[RFC] Type Safe Stringification

Blacksmoke16 · November 4, 2022, 6:18pm

Problem Statement

Object stringification in Crystal is currently handled via all objects having a #to_s method. This works well in that you can always call obj.to_s to get a string representation of it. However, is has some cons as well.

It is not immediately clear that you need to implement #to_s(io : IO) : Nil and not #to_s : String to customize that behavior
There is no way to know if an object has a meaningful string representation at all, mainly for custom user classes/structs since obj.responds_to? :to_s is always true

For example, say you are doing something with sprintf, or anything that renders/prints data:

def render(content) : String
  sprintf "(%s) - %s", UUID.random, content
end

Where you want the content in this case to be anything that has a meaningful string representation. They key word here being “meaningful”. The only type safety you can get around this is by either dropping the type restriction and call #to_s on whatever is passed, or simply make it String. The latter of which would require the user to manually call #to_s on the object before passing it in, even if it overrides #to_s(io). Neither of these solutions prevent unintended stringification. E.g.

require "uuid"

class Foo; end

def render(content) : String
  sprintf "(%s) - %s", UUID.random, content
end

render Foo.new # => (9f4a57c3-9a5f-4a2a-bcc6-a613b2b51b9a) - #<Foo:0x7f16e241eea0>

In that the Foo object is rendered as #<Foo:0x7f16e241eea0> which is an obvious bug that could very easily go unnoticed unless you happen to have a test case for it.

Proposal

A possible way to improve upon these issues is to have a dedicated Stringable module that can be implemented within types to denote that they have a meaningful string representation. This would be easy enough for the majority of stdlib types, but most useful for custom user classes/structs. Ultimately this can allow for more type safety and reduce the amount of bugs due to unexpected stringification.

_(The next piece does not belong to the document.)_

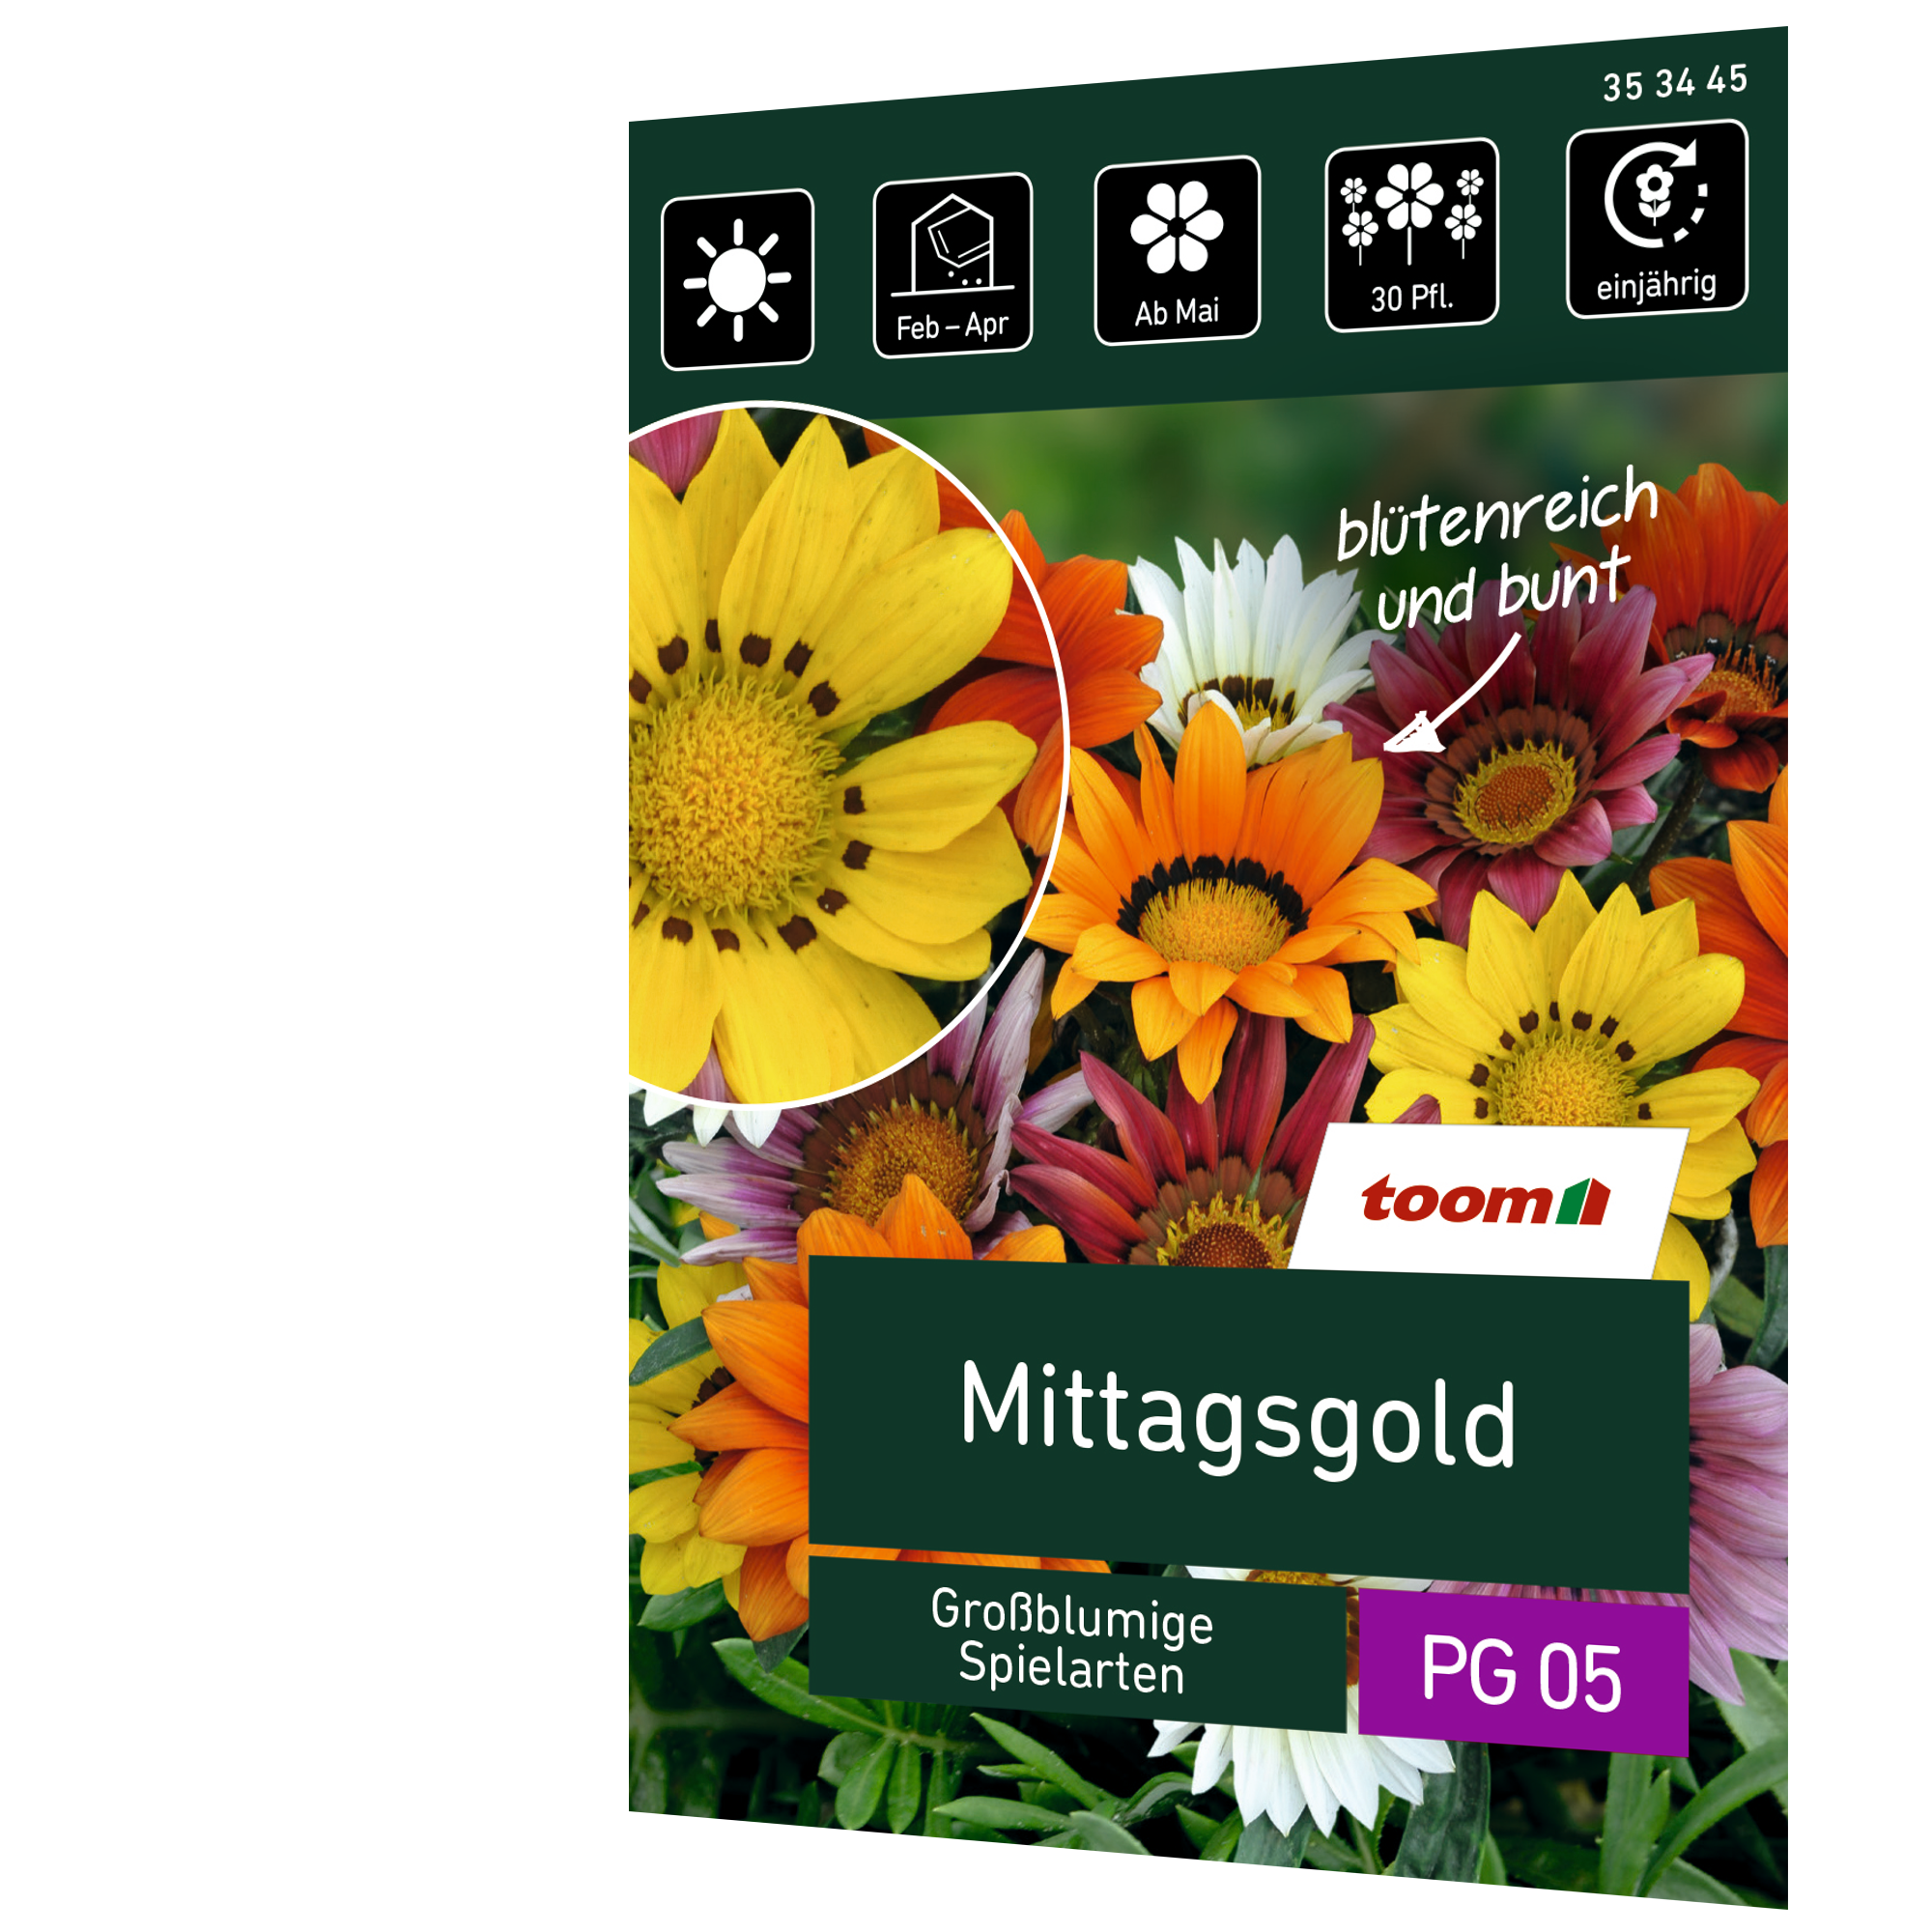 Mittagsgold 'Großblumige Spielarten' + product picture
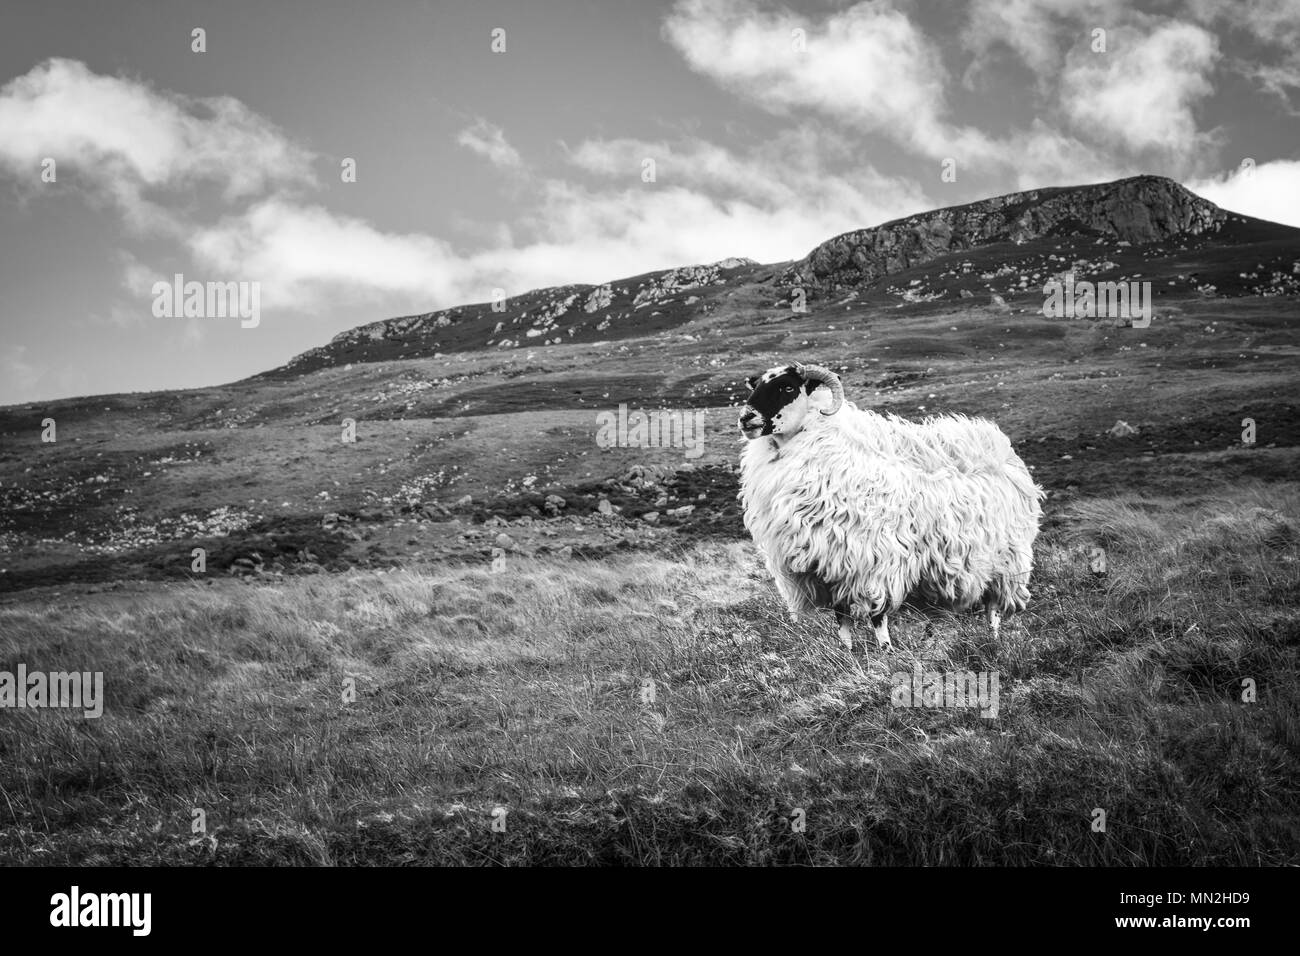 Immagine di una pecora su una montagna in Donegal Irlanda Foto Stock

Continuing with our previous example, you could update the type restriction of #render to be def render(content : Stringable) : String. This would now raise a compile time error if you tried to pass something that doesn’t have a meaningful string representation. In regards to sprintf itself, you could in theory update its signature to be def sprintf(format_string, *args : Stringable) : String to obtain a similar guarantee. Where sprintf "%s - %s - %s", 123, "bob", UUID.random would be fine, but sprintf "%s - %s - %s", 123, "bob", Foo.new wouldn’t be unless it implements the module.

The other benefit would be better enforcing users implement the correct override #to_s(io) : Nil versus #to_s : String.

Considerations

The main implementation issue around this is that because all types inherently implement to_s(io : IO) : Nil, you can’t just have the module be abstract def to_s(io : IO) : Nil. Nor can we just drop the default implementation as that would (probably?) break existing code.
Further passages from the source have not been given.